For a list of the the hard-coded country codes (used solely for error handling logic) see pandas_datareader.wb.country_codes
.
Problematic Country Codes & Indicators¶
Note
The World Bank’s country list and indicators are dynamic. As of 0.15.1,
wb.download()
is more flexible. To achieve this, the warning
and exception logic changed.
The world bank converts some country codes, in their response, which makes error checking by pandas difficult. Retired indicators still persist in the search.
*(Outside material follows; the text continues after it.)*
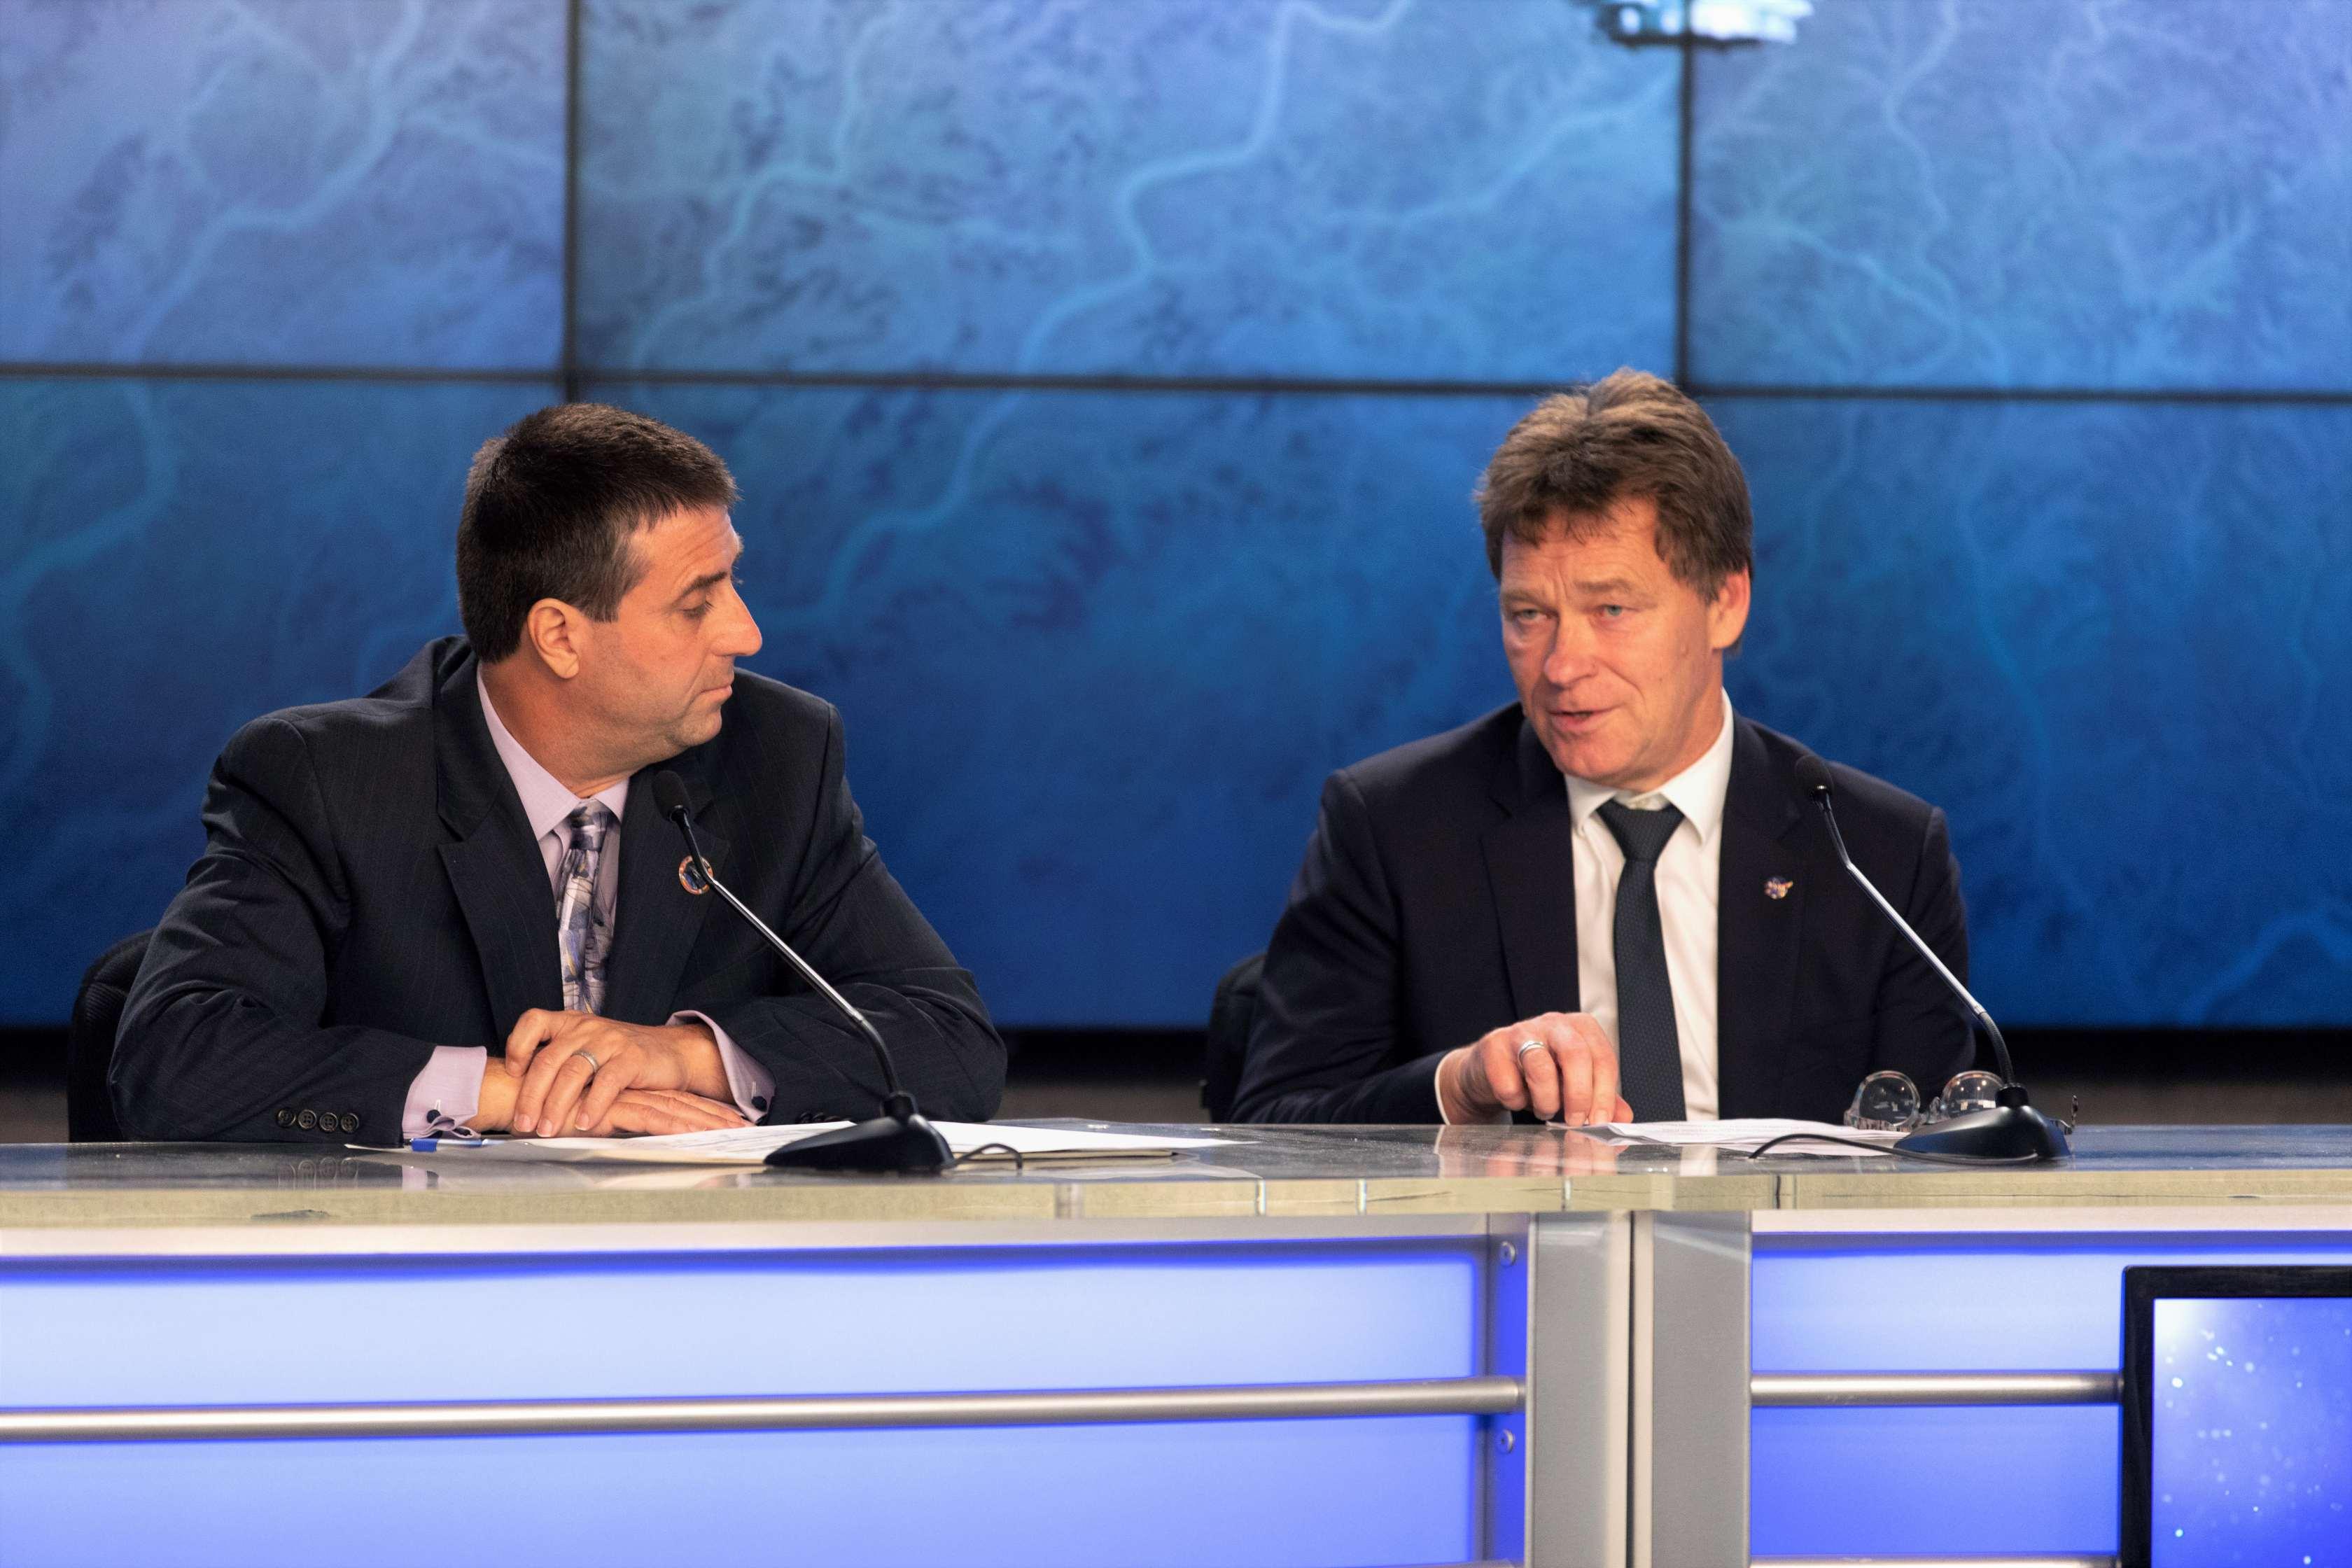 CRS-16 pre-launch conference Joel Montalbano & Hans Koenigsmann (NASA)

Given the new flexibility of 0.15.1, improved error handling by the user may be necessary for fringe cases.
To help identify issues:
There are at least 4 kinds of country codes:
Standard (2/3 digit ISO) - returns data, will warn and error properly.
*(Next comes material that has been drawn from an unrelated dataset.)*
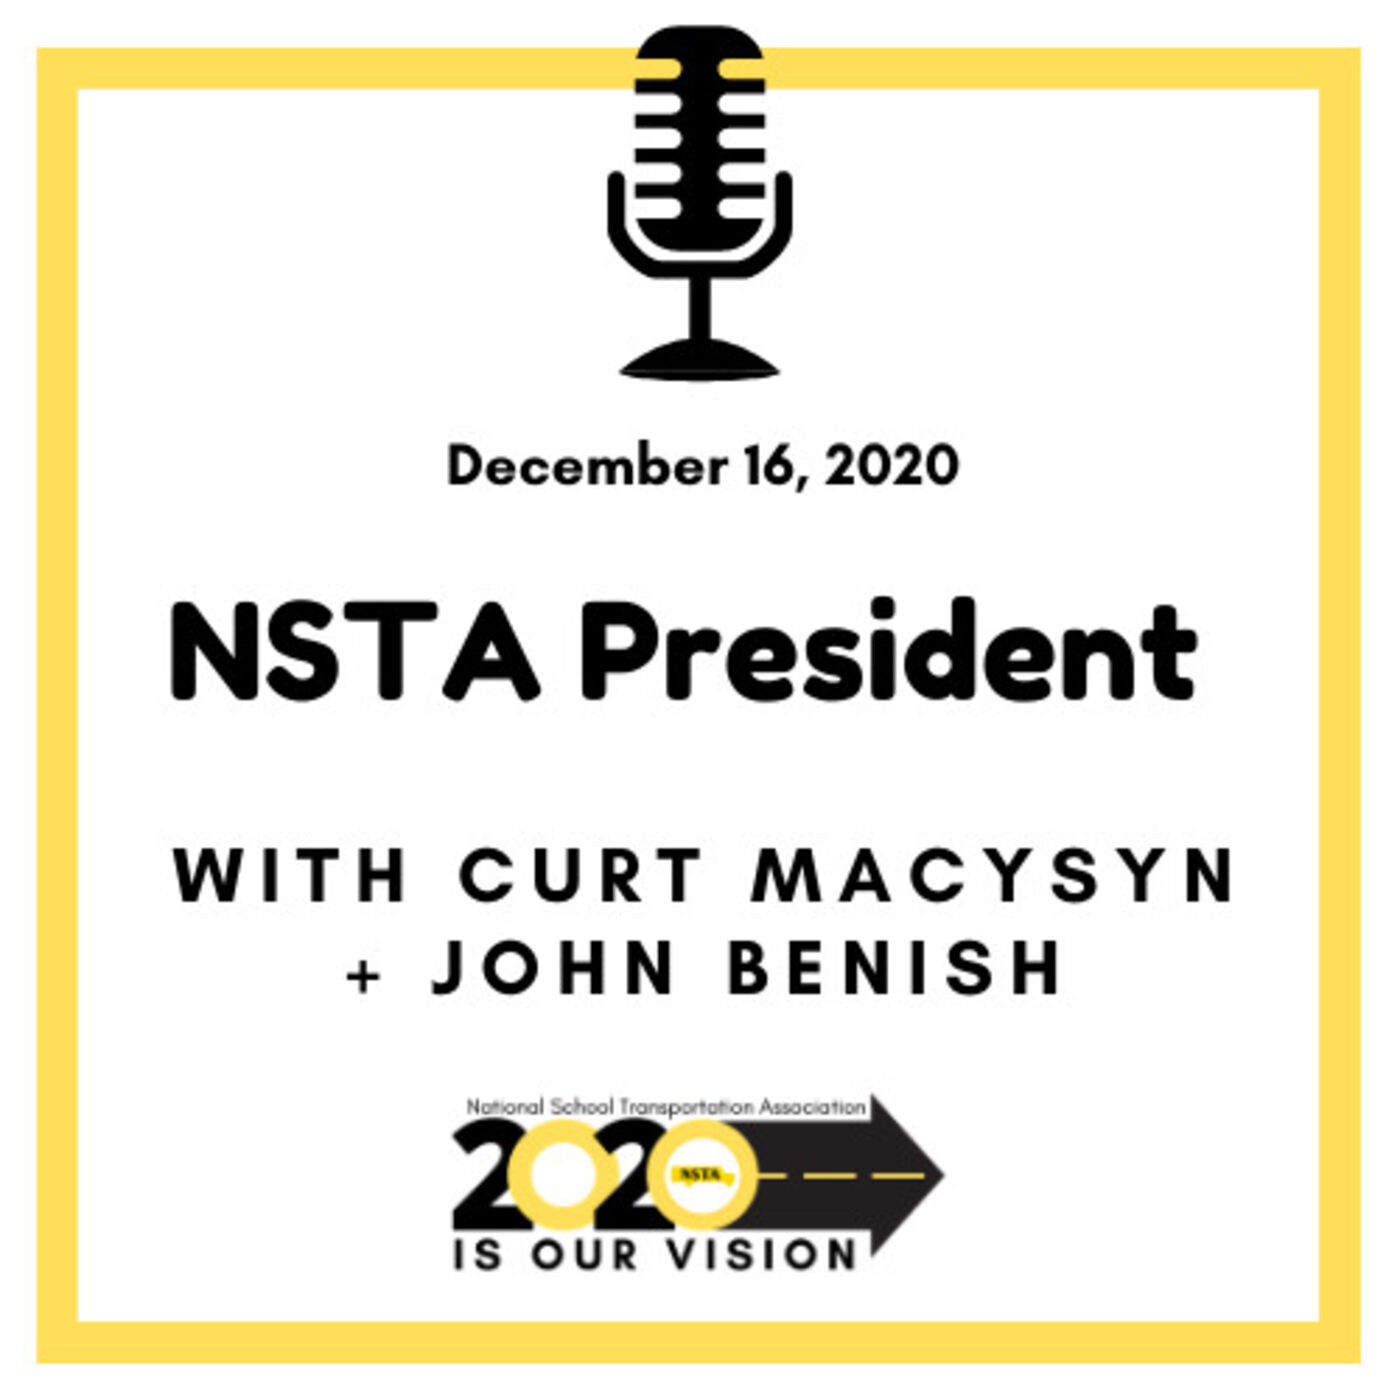 NSTA President | John Benish, COO of Cook Illinois

Non-standard (WB Exceptions) - returns data, but will falsely warn.
Blank - silently missing from the response.
Bad - causes the entire response from WB to fail, always exception inducing.
There are at least 3 kinds of indicators:
Current - Returns data.
Retired - Appears in search results, yet won’t return data.
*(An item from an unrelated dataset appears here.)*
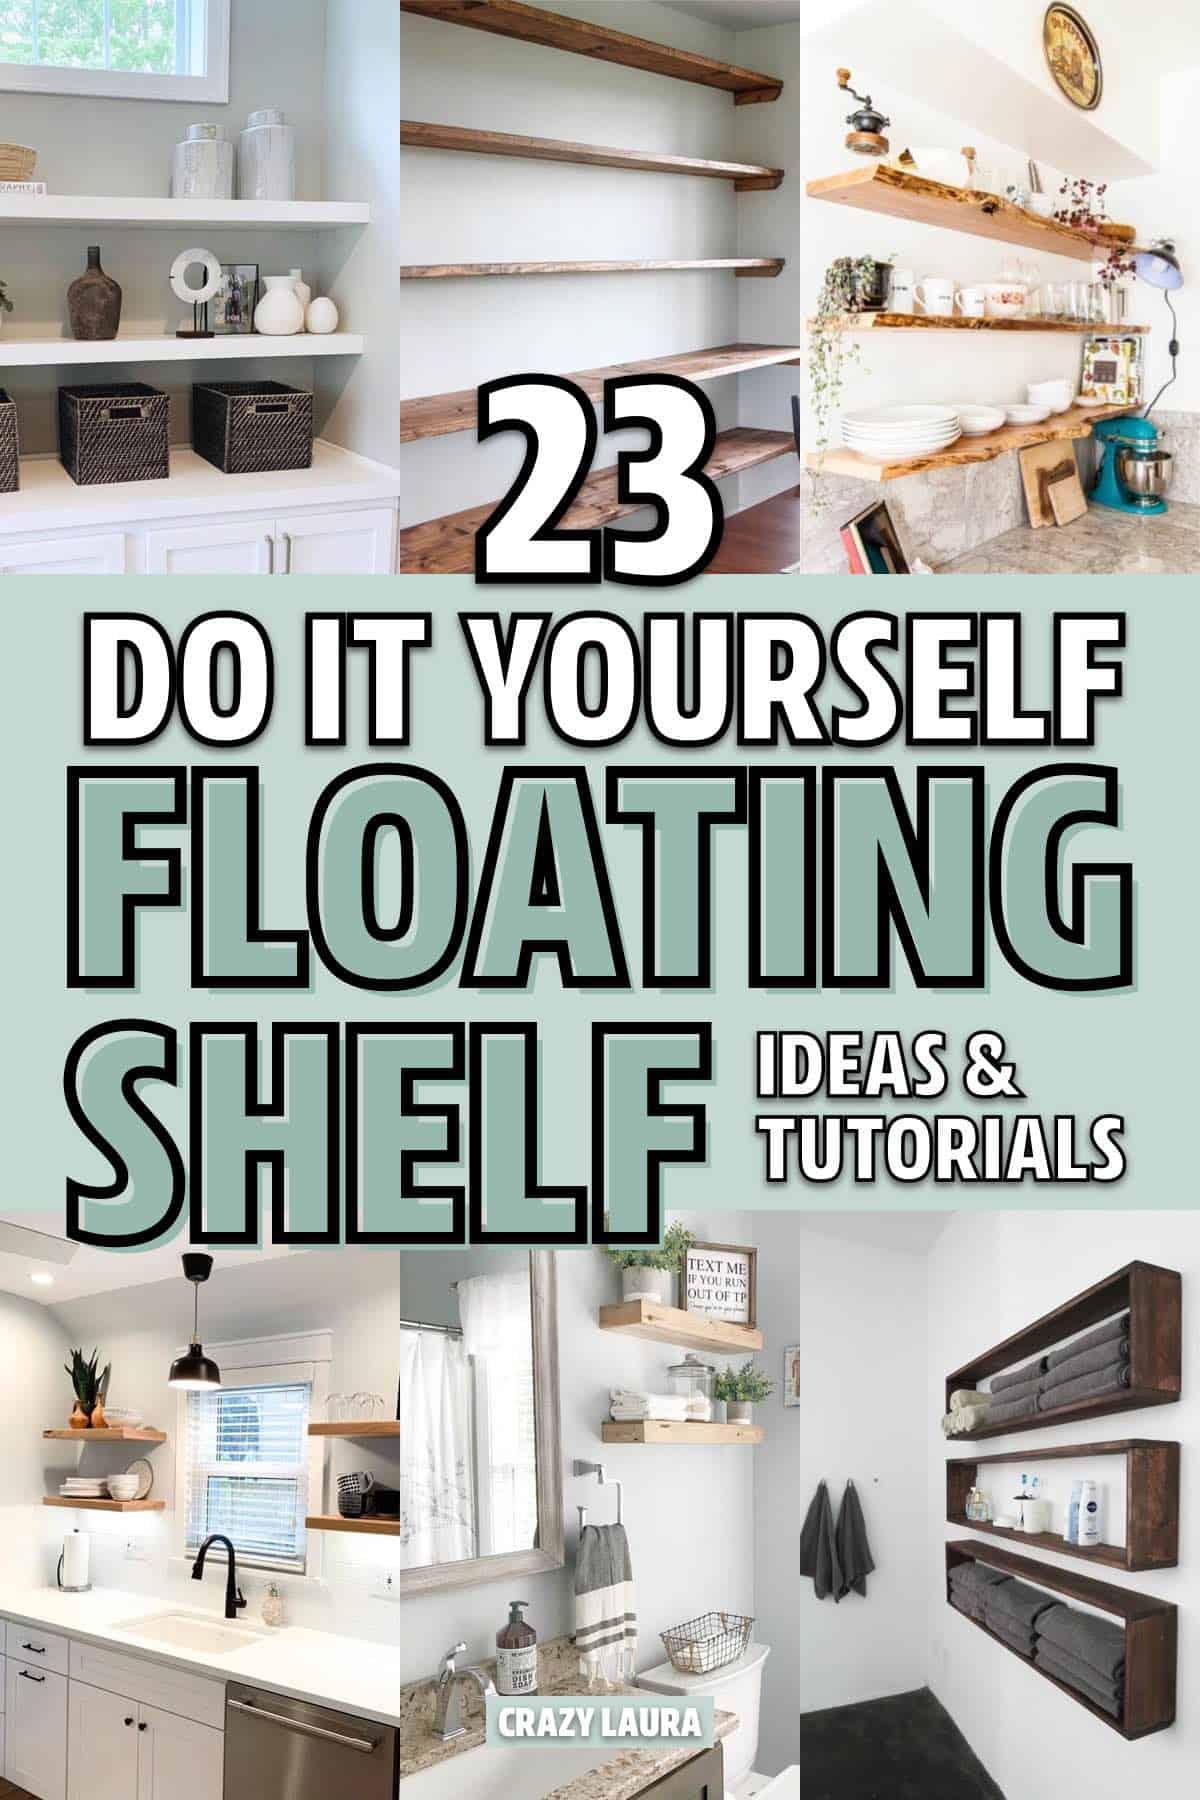 inexpensive diy floating shelf examples

Bad - Will not return data.
Use the errors
argument to control warnings and exceptions. Setting
errors to ignore or warn, won’t stop failed responses. (ie, 100% bad
indicators, or a single ‘bad’ (#4 above) country code).
See docstrings for more info.
OECD¶
OECD Statistics are available via DataReader
.
You have to specify OECD’s data set code.
To confirm data set code, access to each data -> Export -> SDMX Query
. Following
example is to download ‘Trade Union Density’ data which set code is ‘TUD’.
In [15]: import pandas_datareader.data as web
In [16]: import datetime
In [17]: df = web.DataReader('TUD', 'oecd')
In [18]: df.columns
Out[18]:
MultiIndex([( 'Australia', 'Annual', 'Percentage of employees'),
( 'Austria', 'Annual', 'Percentage of employees'),
( 'Belgium', 'Annual', 'Percentage of employees'),
( 'Canada', 'Annual', 'Percentage of employees'),
( 'Czech Republic', 'Annual', 'Percentage of employees'),
( 'Denmark', 'Annual', 'Percentage of employees'),
( 'Finland', 'Annual', 'Percentage of employees'),
( 'France', 'Annual', 'Percentage of employees'),
( 'Germany', 'Annual', 'Percentage of employees'),
( 'Greece', 'Annual', 'Percentage of employees'),
( 'Hungary', 'Annual', 'Percentage of employees'),
( 'Iceland', 'Annual', 'Percentage of employees'),
( 'Ireland', 'Annual', 'Percentage of employees'),
( 'Italy', 'Annual', 'Percentage of employees'),
( 'Japan', 'Annual', 'Percentage of employees'),
( 'Korea', 'Annual', 'Percentage of employees'),
( 'Luxembourg', 'Annual', 'Percentage of employees'),
( 'Mexico', 'Annual', 'Percentage of employees'),
( 'Netherlands', 'Annual', 'Percentage of employees'),
( 'New Zealand', 'Annual', 'Percentage of employees'),
( 'Norway', 'Annual', 'Percentage of employees'),
( 'Poland', 'Annual', 'Percentage of employees'),
( 'Portugal', 'Annual', 'Percentage of employees'),
('Slovak Republic', 'Annual', 'Percentage of employees'),
( 'Spain', 'Annual', 'Percentage of employees'),
( 'Sweden', 'Annual', 'Percentage of employees'),
( 'Switzerland', 'Annual', 'Percentage of employees'),
( 'Turkey', 'Annual', 'Percentage of employees'),
( 'United Kingdom', 'Annual', 'Percentage of employees'),
( 'United States', 'Annual', 'Percentage of employees'),
( 'OECD - Total', 'Annual', 'Percentage of employees'),
( 'Chile', 'Annual', 'Percentage of employees'),
( 'Colombia', 'Annual', 'Percentage of employees'),
( 'Costa Rica', 'Annual', 'Percentage of employees'),
( 'Estonia', 'Annual', 'Percentage of employees'),
( 'Israel', 'Annual', 'Percentage of employees'),
( 'Latvia', 'Annual', 'Percentage of employees'),
( 'Lithuania', 'Annual', 'Percentage of employees'),
( 'Slovenia', 'Annual', 'Percentage of employees')],
names=['Country', 'Frequency', 'Measure'])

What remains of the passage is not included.